The invention relates generally to gas detectors, and, more particularly, to optical gas detectors.
Gas detectors are often used to detect a gas of interest under various conditions and in a variety of environments. For example, gas detectors may be used to monitor ambient air for the presence of flammable gases to protect firefighters or other emergency workers. Optical gas detectors are one type of gas detector that uses optical radiation to detect the presence and the concentration of a gas of interest. Specifically, optical radiation can cause gas molecules to oscillate. The oscillating molecules draw energy from the optical radiation and therefore absorb a portion of the optical radiation. The amount of radiation absorbed by the gas can be used to determine the presence and concentration of the gas of interest in the ambient air. Typically, an optical radiation source is used to emit optical radiation into a sample region containing a gaseous sample from the ambient air. A reduction of the intensity of the optical radiation due to the absorption of optical radiation by the gaseous sample is then detected at a detector positioned downstream from the sample region.
Early optical gas detectors typically include only a single radiation source and only a single detector. However, optical gas detectors that include only a single detector and only a single optical radiation source may only be able to provide reliable and unambiguous measurements under generally stable ambient conditions. Any change in the intensity of the optical radiation emitted by the optical radiation source, for example due to contaminants such as dust and/or a change in temperature and/or humidity, would appear to indicate the presence of the gas of interest. To overcome the measurement inaccuracies of early optical gas detectors, a second detector, referred to as a reference detector, may be used to carry out a parallel measurement of the radiation intensity at a different wavelength than the first detector, which is referred to as a measurement detector. The different wavelength is selected as a wavelength that will not be absorbed by the gas of interest, thereby providing a reference measurement that can be cross-calculated with the measurement of the measurement detector to provide a measure of the actual concentration of the gas of interest.
To further increase accuracy, a second, or reference radiation source may be used to provide four measurements instead of only two, sometimes referred to as “double-compensated” optical gas detectors. Specifically, the first, or measurement radiation source and the reference radiation source are arranged such that they emit radiation at different times or are modulated at two different frequencies. The optical radiation emitted from the measurement radiation source passes through the sample region, while the optical radiation emitted from the reference radiation source does not pass through the sample region. Accordingly, both detectors will receive an additional signal from the reference radiation source that is not affected by the gaseous sample. The additional signals provided by the reference radiation source serve as a measure of the relative sensitivity of each detector under the prevailing ambient conditions.

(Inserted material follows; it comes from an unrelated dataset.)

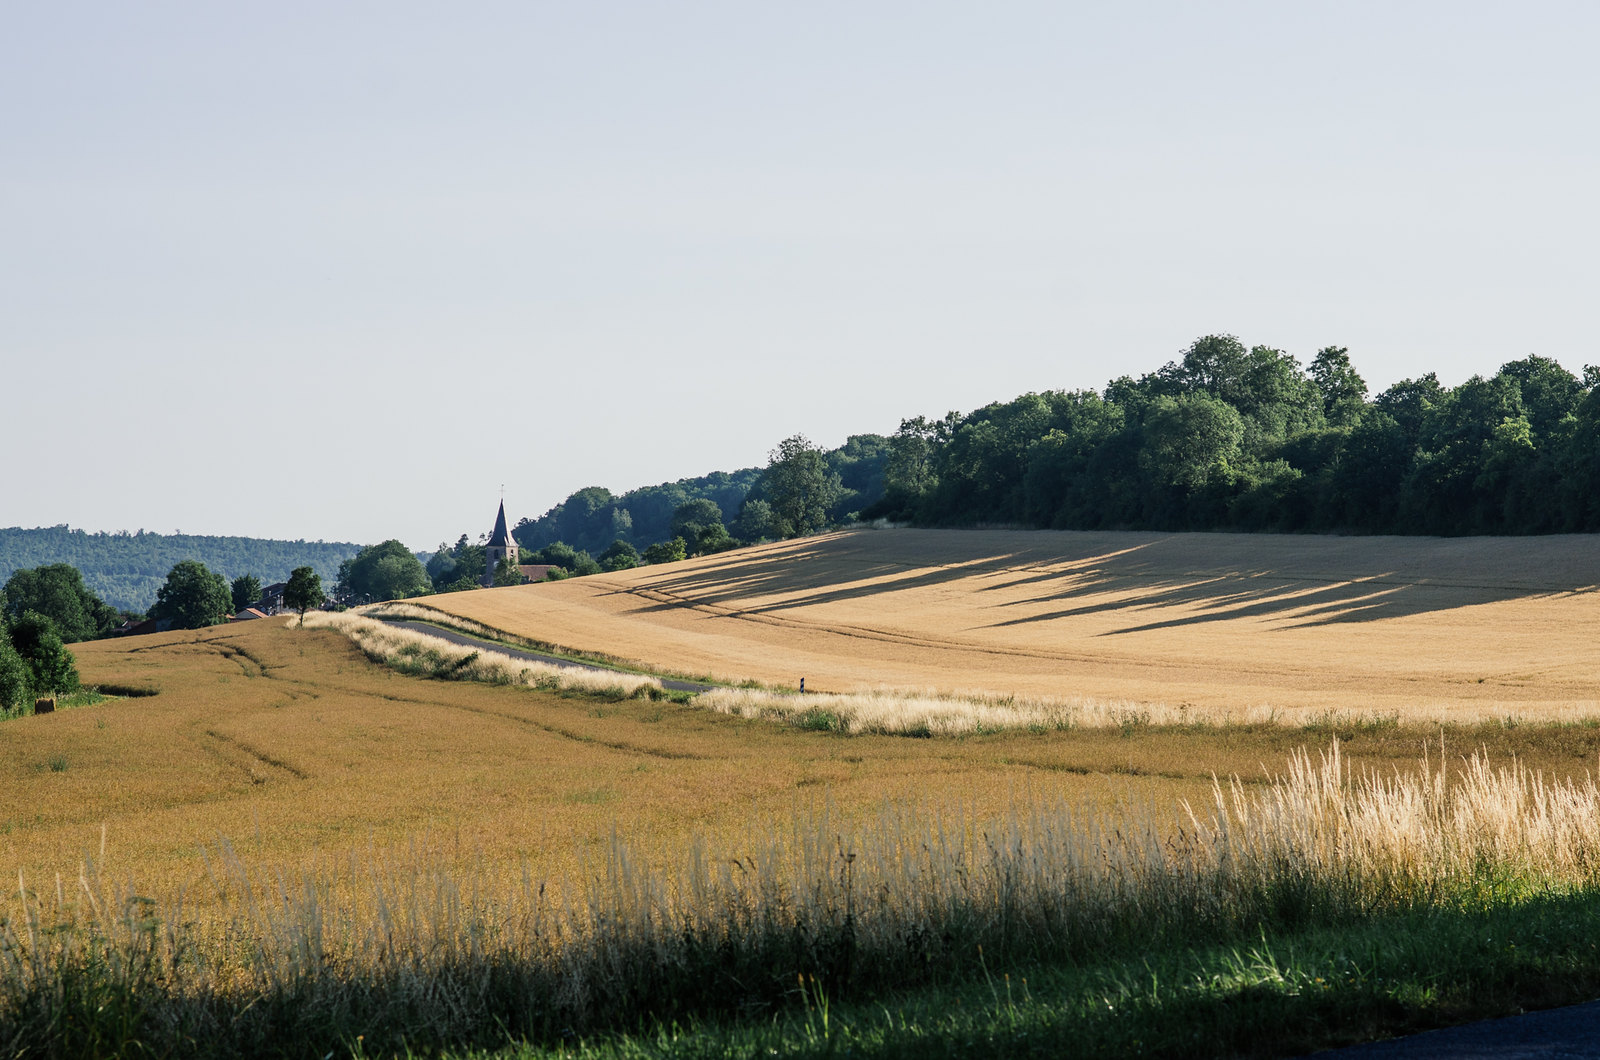 Tourisme rural dans le Meuse - Canicule, confiture et agriculture

At least some known double-compensated optical gas detectors include a beam splitter positioned to direct radiation emitted from each of the radiation sources to both of the detectors. Specifically, the beam splitter is positioned relative to the reference radiation source such that a portion of the optical radiation emitted from the reference radiation source travels through the beam splitter to one of the detectors and another portion of the optical radiation emitted from the reference radiation source is reflected by the beam splitter to the other detector. In contrast, the detector that receives reference radiation reflected from the beam splitter receives radiation emitted from the measurement radiation source that has traveled through the beam splitter, while the detector that receives reference radiation that has traveled through the beam splitter receives measurement radiation that has been reflected from the beam splitter. However, changes in ambient conditions, for example due to contaminants such as dust and/or a change in temperature and/or humidity, may cause the beam splitter ratio to change. This may be a result of a change in the index of refraction and/or a change in the ratio of reflective area to transmissive area of the splitter. In a known arrangement, where the reference radiation and the measurement radiation are reflected from opposite sides of the splitter and where the transmitted portion of each radiation stimulates opposite detectors (of the reference and measurement pair of detectors), any change in beam splitter ratio affects the detectors inversely, which may be indistinguishable from a change in concentration of the gas of interest.
There is a need for an optical gas detector that is less sensitive to changing ambient conditions.